Таким образом, использование симбиотического препарата на основе Escherichia coli VL-613 при выпаивании бройлерам высокопродуктивных кроссов позволяет полностью заменить синтетический лизин (моногидрохлорид лизина).

Источники информации

1. Патент РФ №2175351, С12Р 13/04, C12N 1/20, C12N 15/31, C12N 1/20, C12R 1/185, 27.01.2001.

2. Патент РФ №2189253, А61К 39/108, 09.04.2001.

3. Патент РФ №2347807, C12N 1/20, А33К 1/14, C12R 1/185, 27.02.2009.

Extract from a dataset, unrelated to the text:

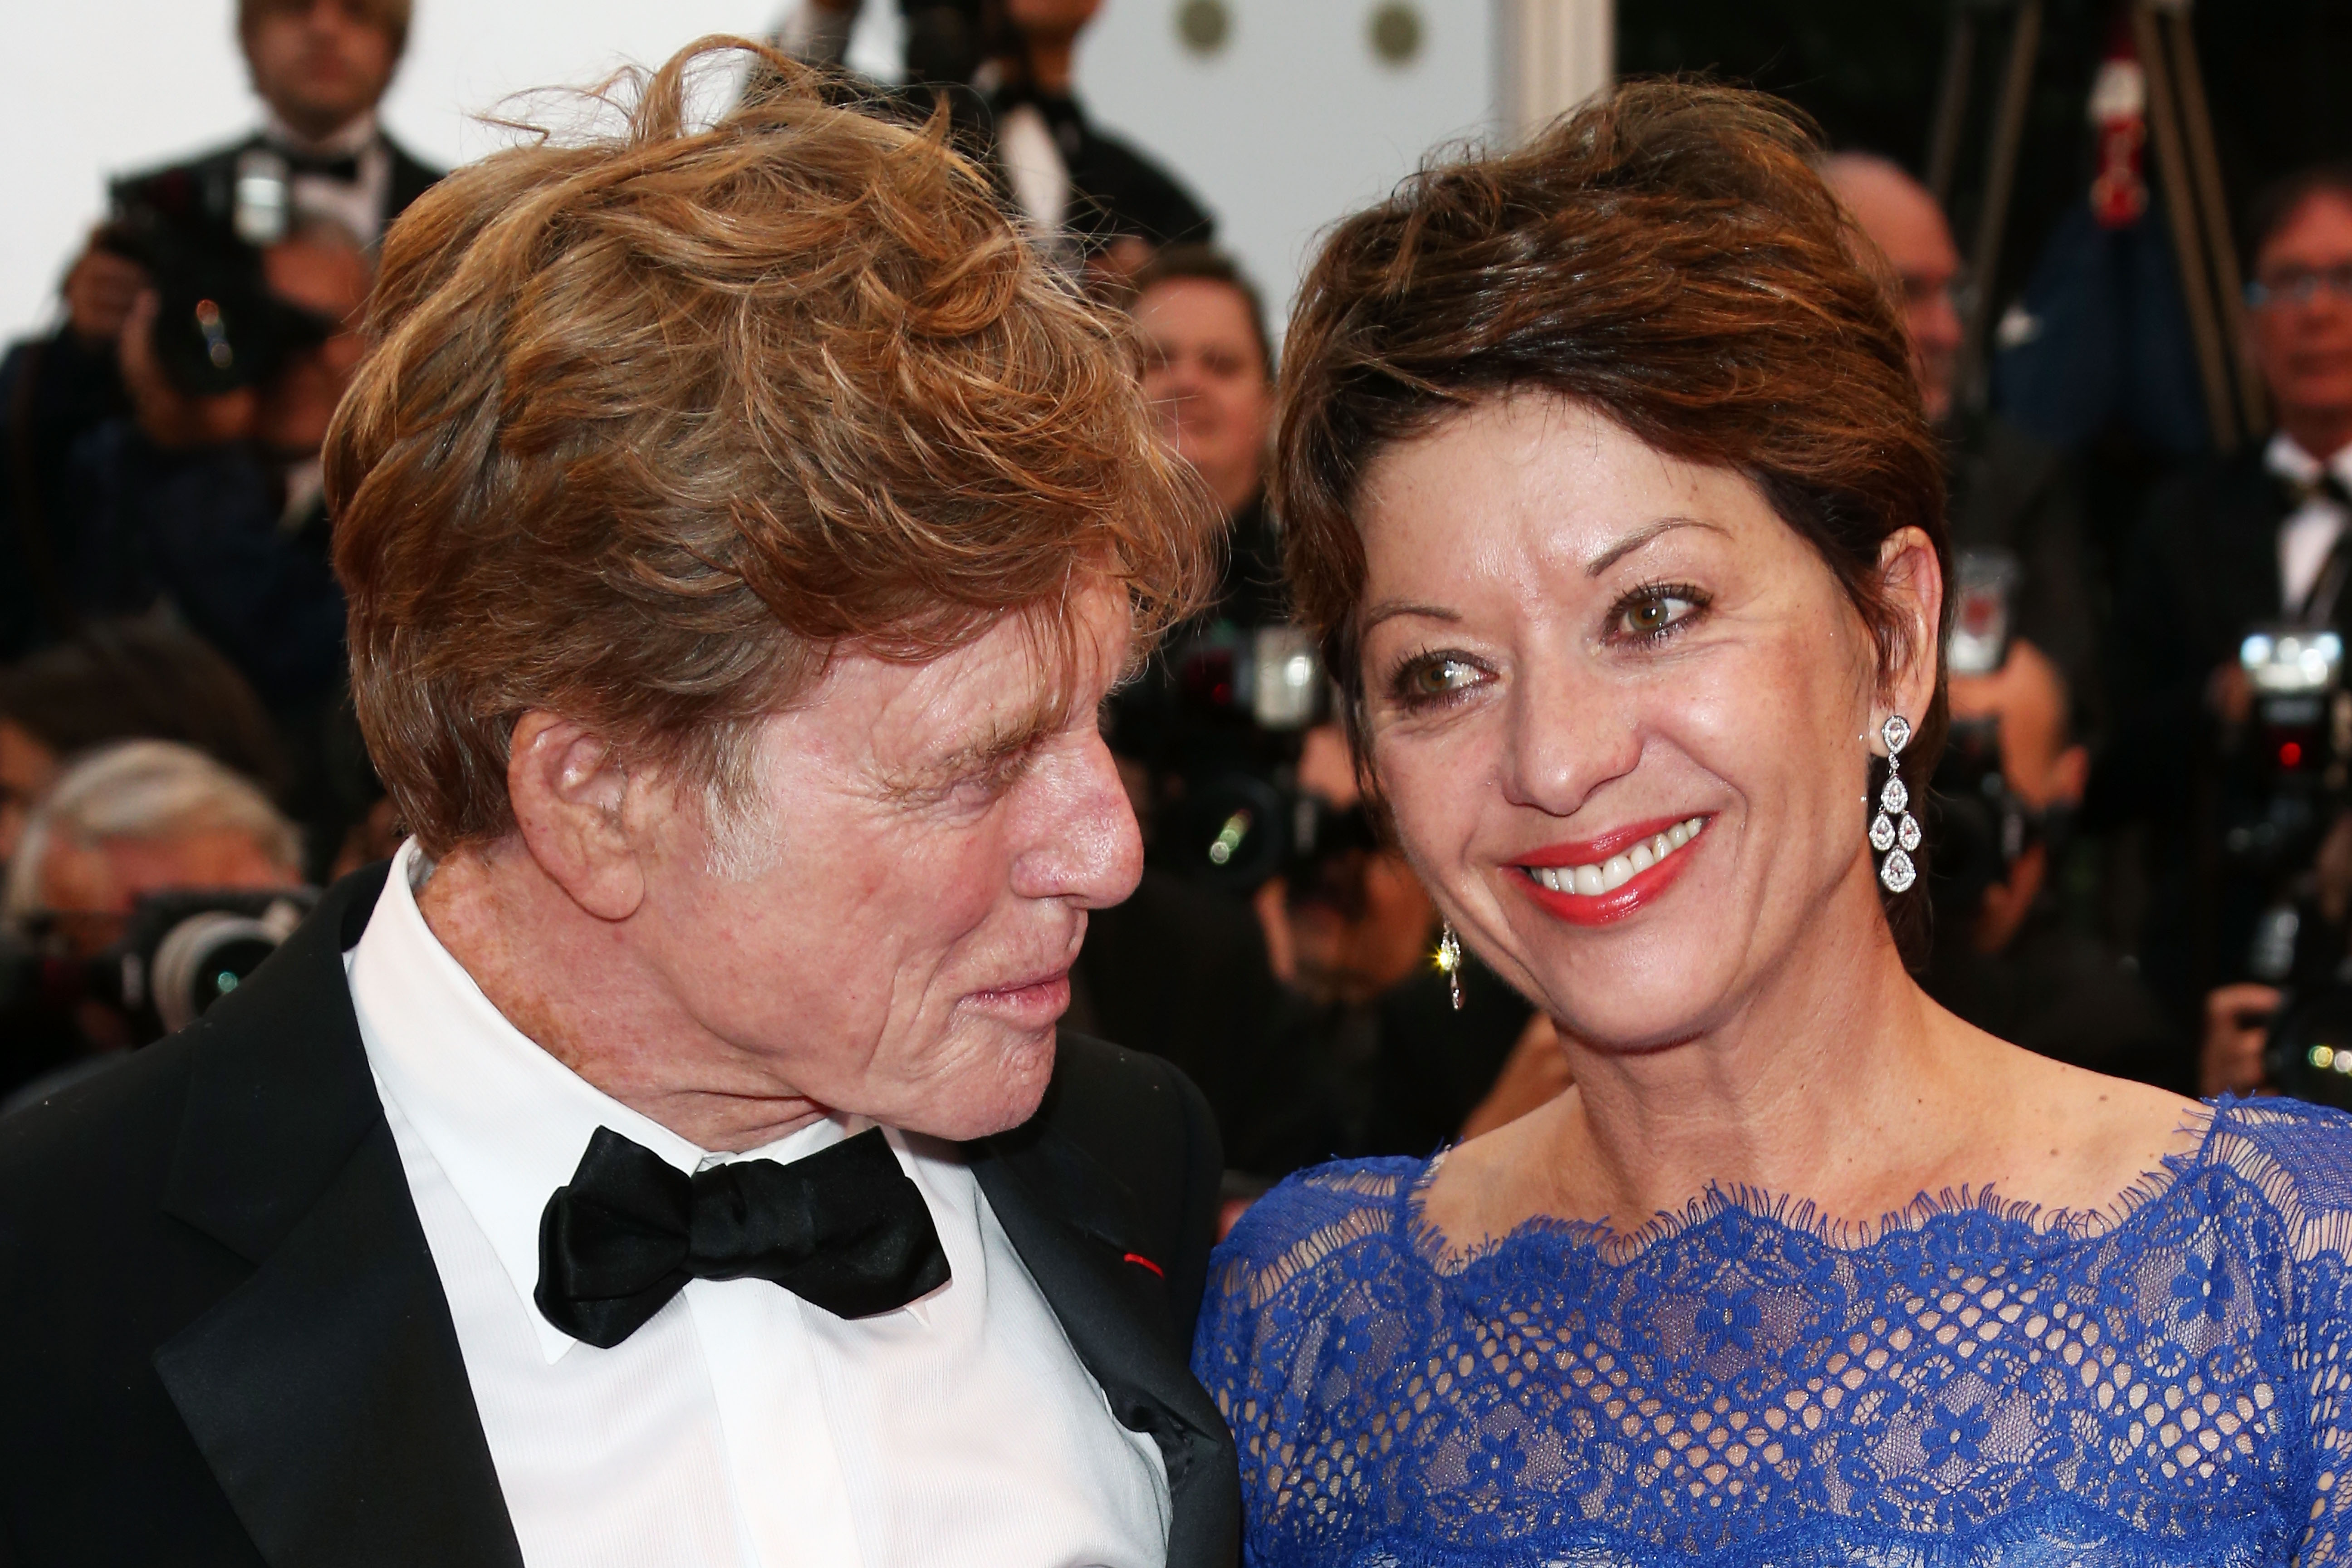 Robert Redford and Sibylle Szaggars in Cannes, France on May 22, 2013 | Source: Getty Images

Способ получения симбиотического препарата из Escherichia coli VL-613, включающий засев, культивирование в жидкой питательной среде на основе перевара Хоттингера, концентрирование бактериальной суспензии с последующим смешиванием со стабилизатором, расфасовку и лиофилизацию препарата; при этом в процессе культивирования Escherichia coli VL-613 сразу после засева окислительно-восстановительный потенциал бактериальной культуры снижают до минус (80-100) мВ, после чего до окончания процесса культивирования рО2 поддерживают на уровне (20±5) % от насыщения кислородом воздуха, рН регулируют на уровне (7,0-7,4), а дробную подачу глюкозы осуществляют дозами до концентрации (0,1-0,2) % при лимитировании роста Escherichia coli VL-613 глюкозой, длительность процесса культивирования составляет 4-6 ч.